For deeper insights into how leading insurers are balancing AI with underwriting expertise, watch the full conversation with Andrew McMellin on The Underwriting Intelligence Podcast.
Explore how hyperexponential helps underwriting leaders combine data-driven pricing and portfolio analytics with expert judgment to navigate the AI-augmented future of specialty insurance.
Frequently asked questions
Will AI replace insurance underwriters?
No. In specialty and commercial insurance markets, data scarcity is structural, making human judgment indispensable for evaluating complex, heterogeneous risks. AI works best as an augmentation tool, supplying underwriters with data and analysis while they retain the final decision.
How is AI currently used in insurance underwriting?
Insurers like Markel are deploying AI for data extraction and processing, document analysis using tools like Harvey AI, proactive market development through programs like Markel Prime, and enterprise-wide productivity via Microsoft 365 Copilot. In each case, AI supports underwriter decision-making rather than replacing it.
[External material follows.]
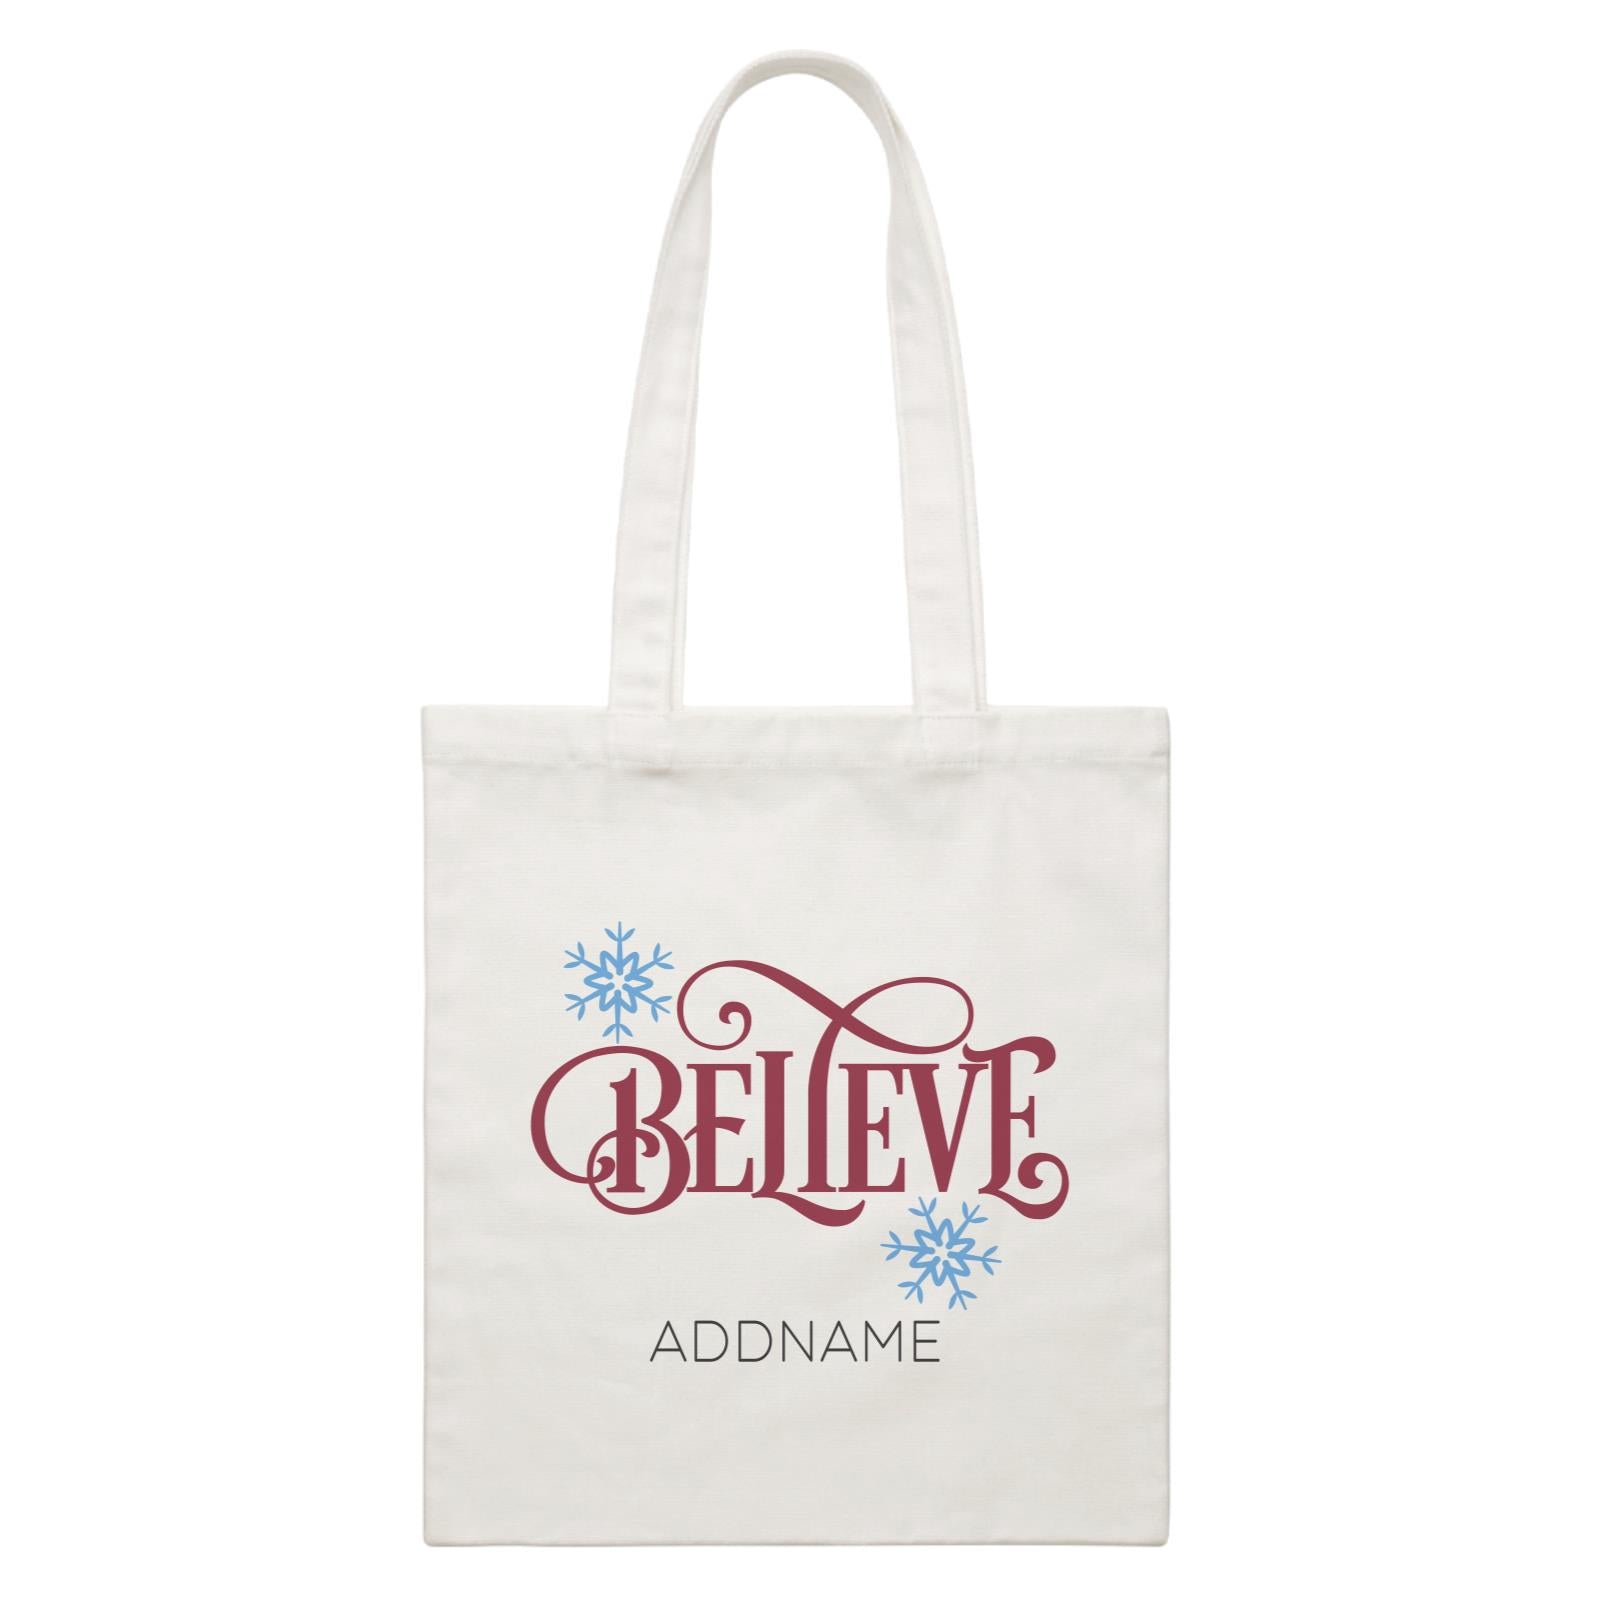 Xmas Believe with Snowflakes Canvas Bag

What is portfolio underwriting?
Portfolio underwriting shifts focus from individual risk assessment to evaluating how each risk contributes to the broader portfolio's performance. It demands understanding how line sizes, business mix, and commercial relationships interact to drive volatility and profitability at the portfolio level, enabling underwriters to make individual decisions with the whole book in mind.
What is the intangible risk gap in insurance?
The intangible risk gap refers to the growing mismatch between clients' evolving risk profiles and the coverage available in the market. As businesses increasingly depend on intangible assets, insurers must develop new products to address these exposures, much as the market developed cyber insurance over the past two decades. The subscription market structure, particularly at Lloyd's, is well positioned to tackle this frontier.